Peter Buwalda heeft zijn nieuwe boek eindelijk af: 'Niet leuk als mensen denken dat je niets uitvoert'
In dit artikel:
Schrijver Peter Buwalda (53) heeft de afgelopen zeseneenhalf jaar vrijwel alles ondergeschikt gemaakt aan het schrijven van De jaknikker, het langverwachte tweede deel van zijn aangekondigde trilogie. Waar Otmars zonen (2019) de zoektocht van een jonge Shell-medewerker naar zijn biologische vader en de jacht van een onderzoeksjournalist op een corrupte topman inleidde, moest het vervolg drastisch anders en beter worden dan de versie die Buwalda aanvankelijk had. Drie jaar geleden dacht hij klaar te zijn, maar hij gooide toen de helft van zijn manuscript weg en begon opnieuw: veel materiaal bleek eerder al in Otmars zonen te zijn opgenomen, waardoor het oorspronkelijke vervolg "geplunderd" was en niet meer klopte.
De vertraging leidde tot publieke aandacht en grappen; sinds 2021 belde de Volkskrant hem traditioneel rond oud en nieuw om te vragen of het boek er al was. Een geplande verschijningsdatum in maart verschoof alsnog een half jaar, en zelfs vlak voordat de definitieve proef naar de drukker ging vroeg Buwalda zijn uitgever nog om kleine, noodzakelijke wijzigingen. Zijn aanpak is gedisciplineerd en veeleisend: lange, ononderbroken dagen waarin sociale afspraken worden geschrapt om de benodigde concentratie te garanderen. In de laatste fase sliep hij vaak niet meer dan vijf uur per nacht en noemde zichzelf soms een kluizenaar; hij worstelde met de vraag of zo’n leven “wel een leven” is, maar vond tegelijkertijd voldoening in het tunnelachtige werken wanneer de voortgang helder was.

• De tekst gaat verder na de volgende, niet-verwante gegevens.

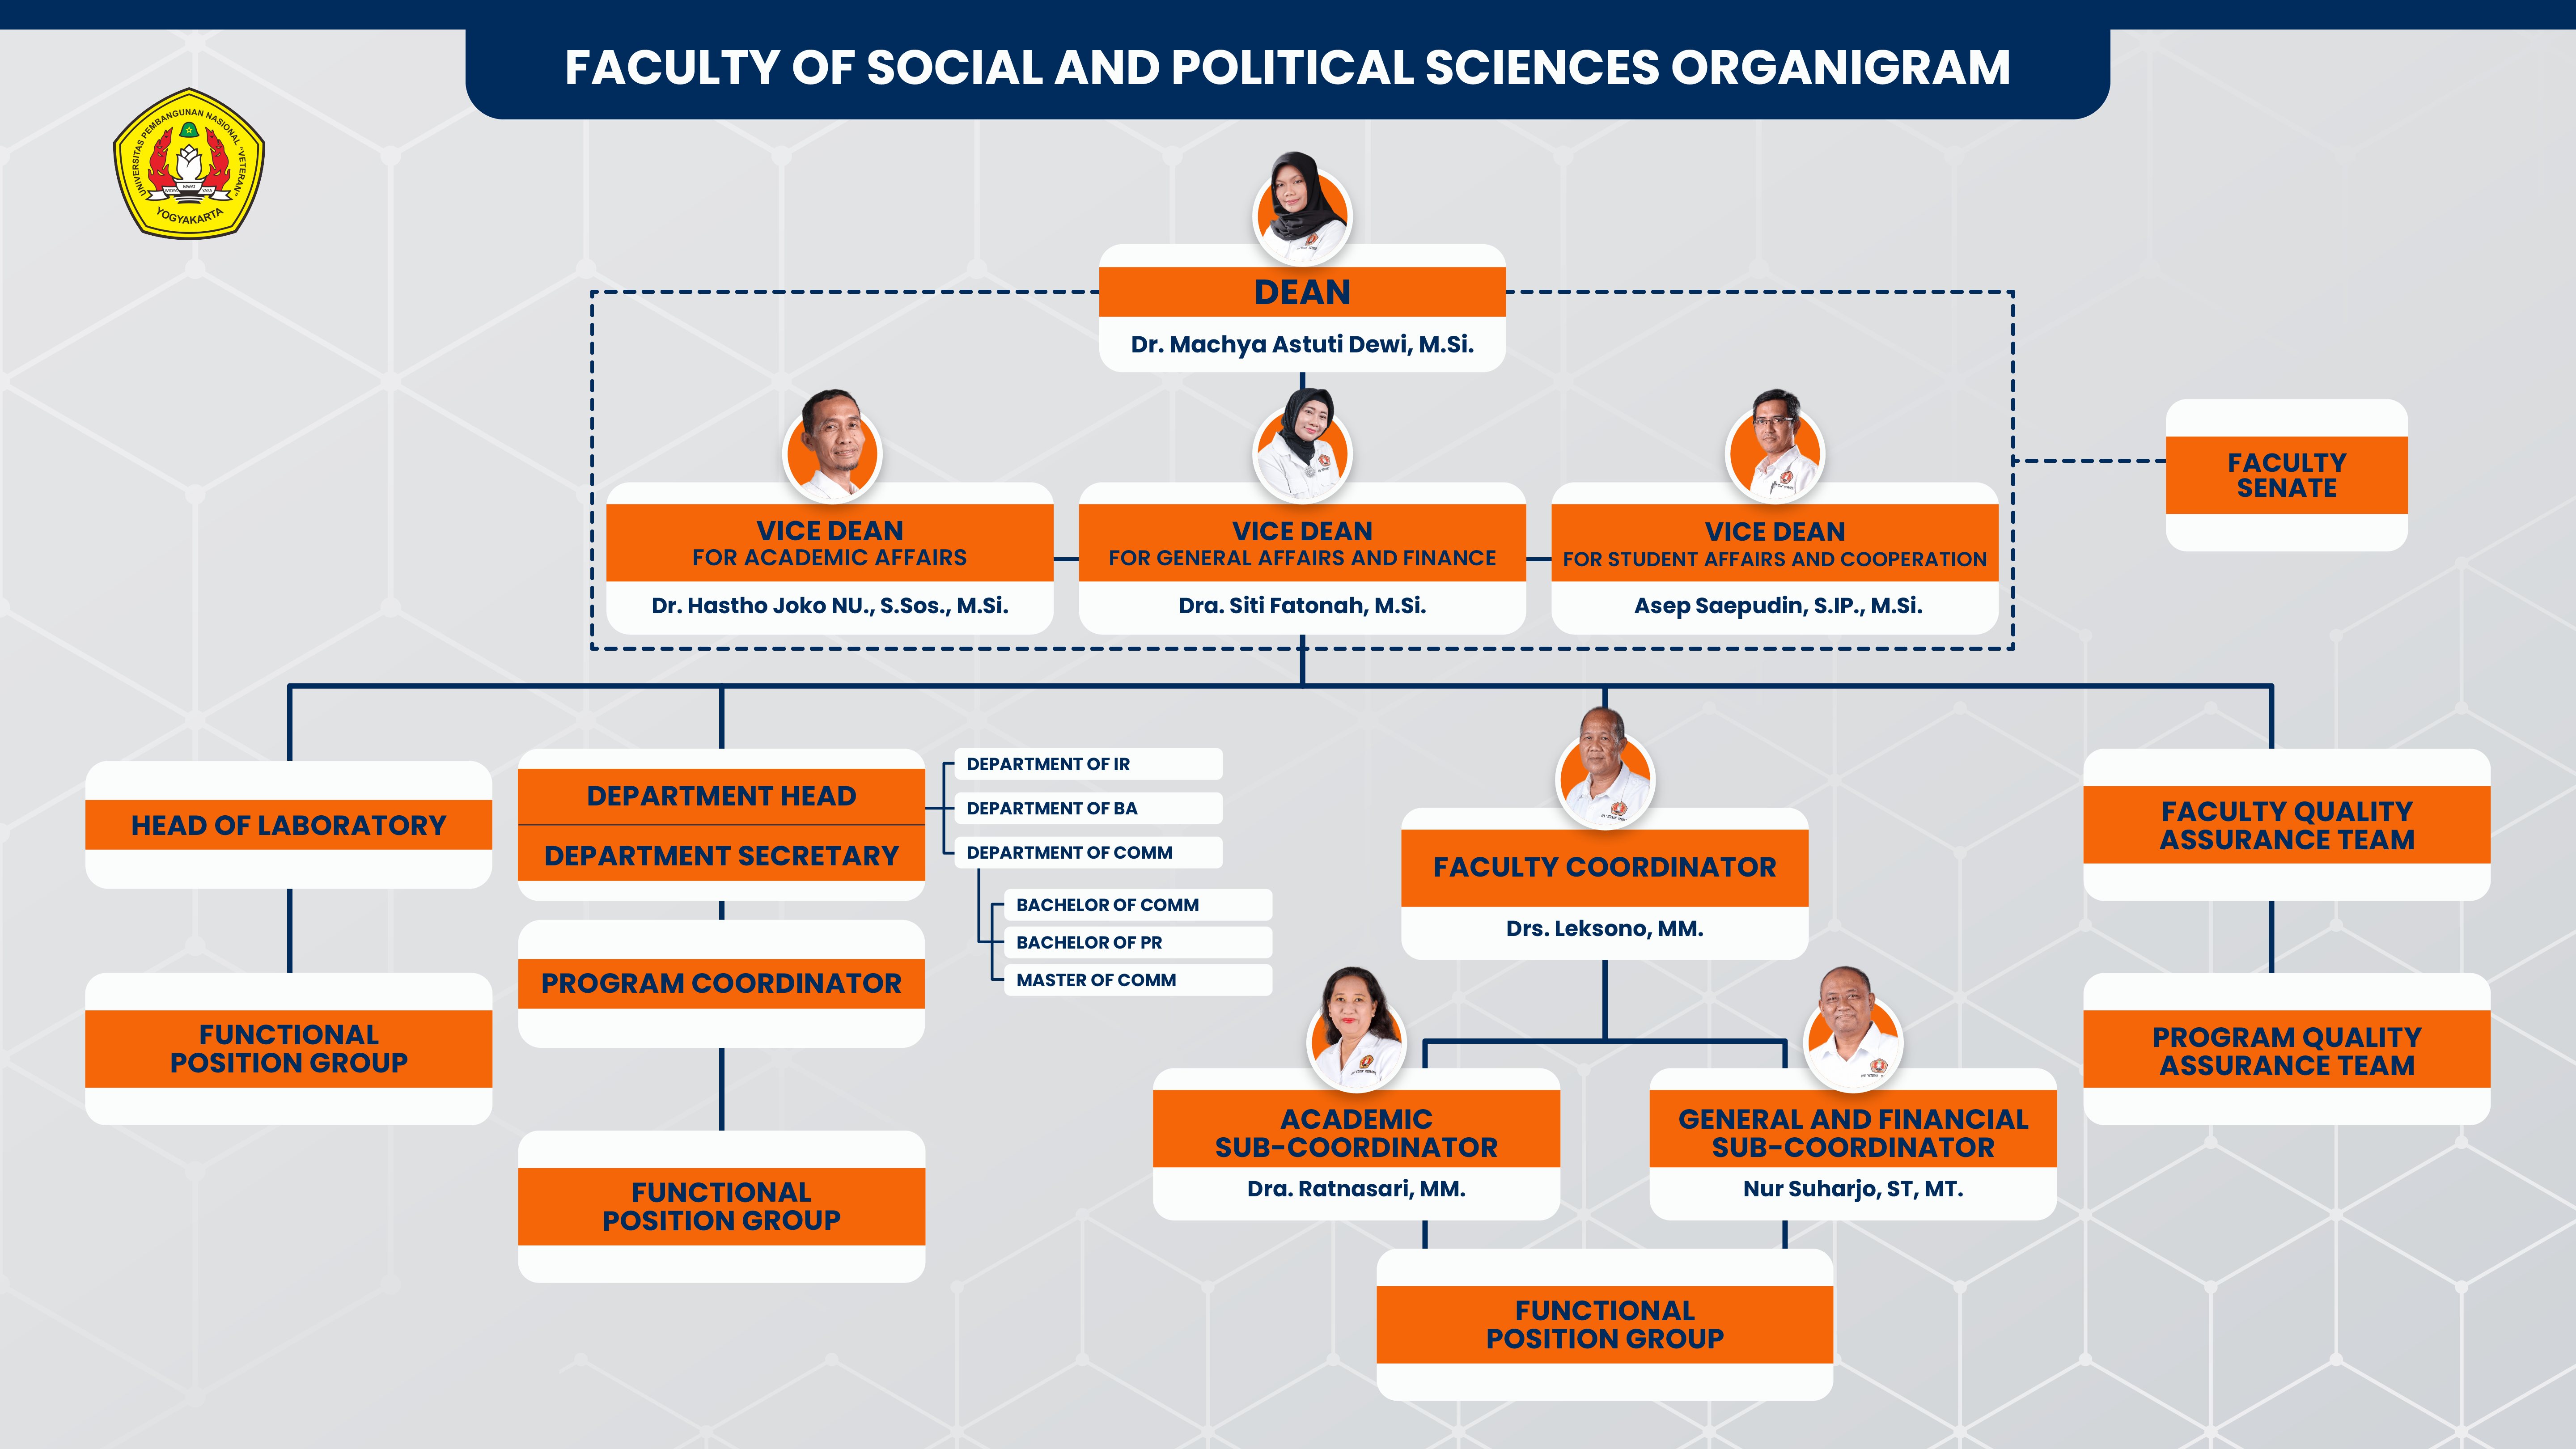 Organization Structure of the Faculty

Buwalda woont in een loft in Breda, maar zijn achtergrond ligt in een samengesteld gezin: geboren in IJsselstein, opgegroeid in Blerick nadat zijn moeder hertrouwde met Jaap Buwalda, die in Venlo bij een staalbedrijf ging werken. Die eigen ervaring met stief- en biologische familieleden voedt de terugkerende thematiek in zijn romans: vervreemde vaders, verborgen verwantschappen en gebrouilleerde familierelaties. Persoonlijk heeft hij ooit na zijn doorbraak contact gehad met zijn biologische vader, dat korte tijd resulteerde in gezamenlijke etentjes maar later weer verwaterde. Hij heeft zelf geen kinderen en zegt dat hij bewust de keuze heeft gemaakt zijn schrijverschap niet met een gezin te combineren; de intensiteit van zijn werkwijze laat weinig ruimte voor andere grote verantwoordelijkheden.
Buwalda reflecteert ook op succes en onzekerheid: eerdere erkenning bevestigt hem maar beschermt niet tegen twijfels of hij telkens weer het uiterste kan geven. Hij verdedigt het tempo waarin hij werkt door te wijzen op de omvang van wat hij levert—honderden pagina’s werk tegenover collega’s die in dezelfde jaren veel kortere romans afleveren—en benadrukt dat kwaliteit en vernieuwing voor hem zwaarder wegen dan haast. De periode rond De jaknikker illustreert zowel zijn rigoureuze schrijfdiscipline als de persoonlijke offers die zo’n streven vergt.